The divisions in his government are now out in the open as his Green foreign minister Annalena Baerbock pushes for more forceful intervention in Ukraine (or open war) and Scholz continues to get dragged along. Baerbock has repeatedly backed the chancellor into a corner, yet he refused to dismiss her and is instead reduced to “carefully” tallying her “mistakes.”

The Greens, working in tandem with the Americans, have been integral to pressuring Scholz into more escalation with Russia. How did the pacifist party founded partially on its opposition to NATO and US nukes on German soil become so bloodthirsty and determined to kick off World War 3? Here’s a brief background on the Greens, including their fateful turn during the Yugoslav Wars.

The ecological, pacifist party began to emerge in the late 1970s and early 1980s as a unification effort of the left opposed to environmental degradation in West Germany and rallied millions against the US stationing its intermediate-range, nuclear-warhead missiles on West German soil. Cracks began to form quickly, however, due to opportunists, big tentism, frustration with lack of success, and struggles after the reunification of East and West Germany. The levees finally broke completely in the late 1990s during the Yugoslav Wars.
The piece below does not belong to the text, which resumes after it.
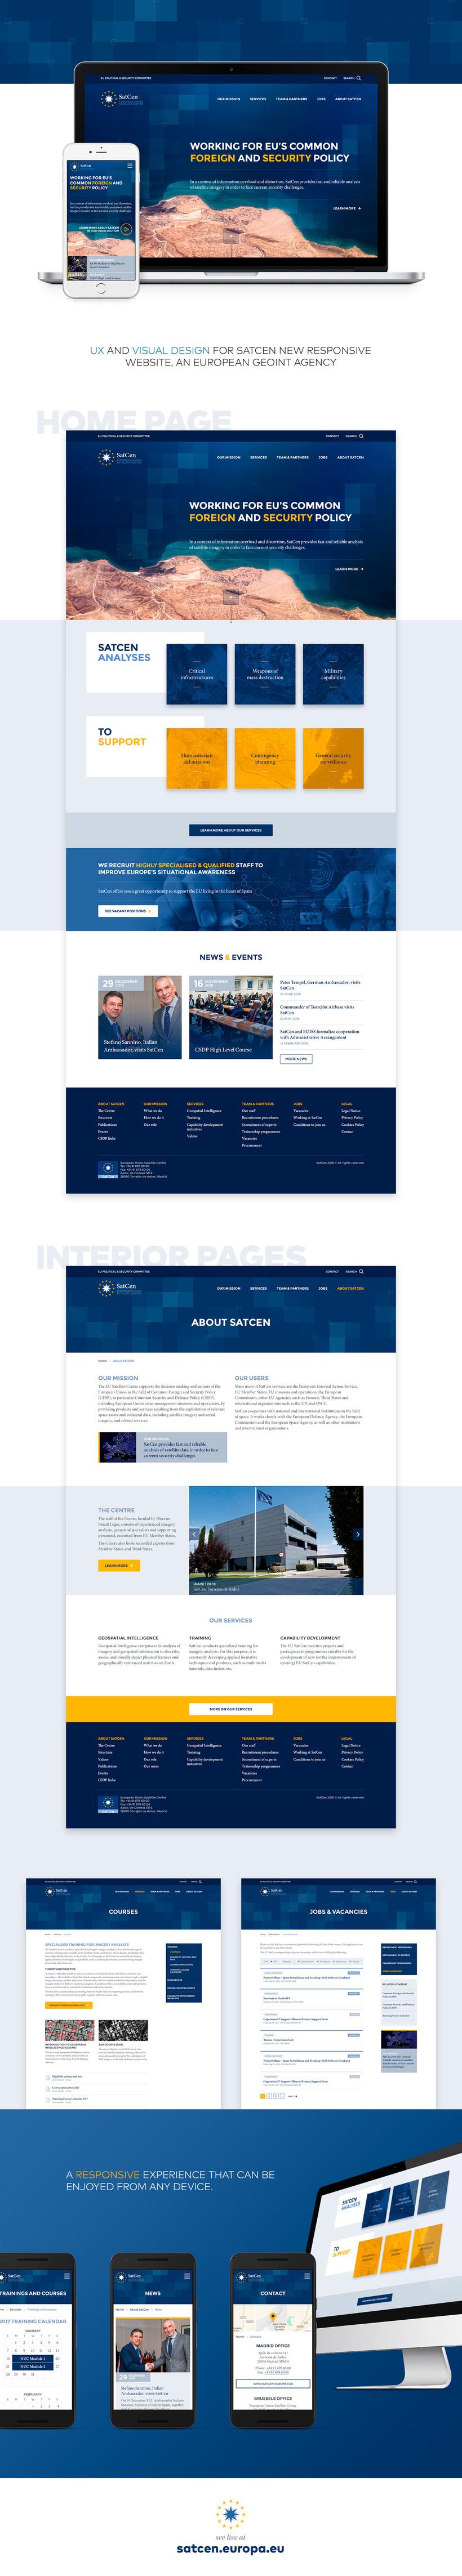 SatCen - European Union Satellite Centre 0

Diana Johnstone, who was press secretary of the Green Group in the European Parliament from 1989 to 1996, explains the Greens’ turn in her memoir “Circle in the Darkness: Memoir of a World Watcher.” Here is a brief breakdown she gives to Black Agenda Report:

The key moment was the 1999 bombing, the NATO bombing of Yugoslavia, when a German foreign minister from the Greens took both Germany and his party into that war. He directly transformed the Greens into a party championing war for the sake of human rights, much like Samantha Power. …

In order to keep control of Western Europe after the Soviet Union collapsed, the United States had to preserve NATO, which is the way the United States controls Europe. So, in order to preserve NATO, they found a new mission, which is humanitarian warfare. The Kosovo war was an example of that. It transformed NATO from a defensive force into an offensive force with a humanitarian mission. That was the purpose of the Kosovo war. And the German Green Party’s foreign minister, Joschka Fischer, was the prophet of all that.

Fischer was originally a leftist street fighter who rose to become leader of the Greens in the 1990s. In 1994, during the Yugoslav Wars, Fischer said that sending German forces into countries “where Hitler’s troops had stormed during the Second World War” would only worsen the conflict. The 1998 Green manifesto promised to oppose intervention in the Balkans and even to roll back NATO.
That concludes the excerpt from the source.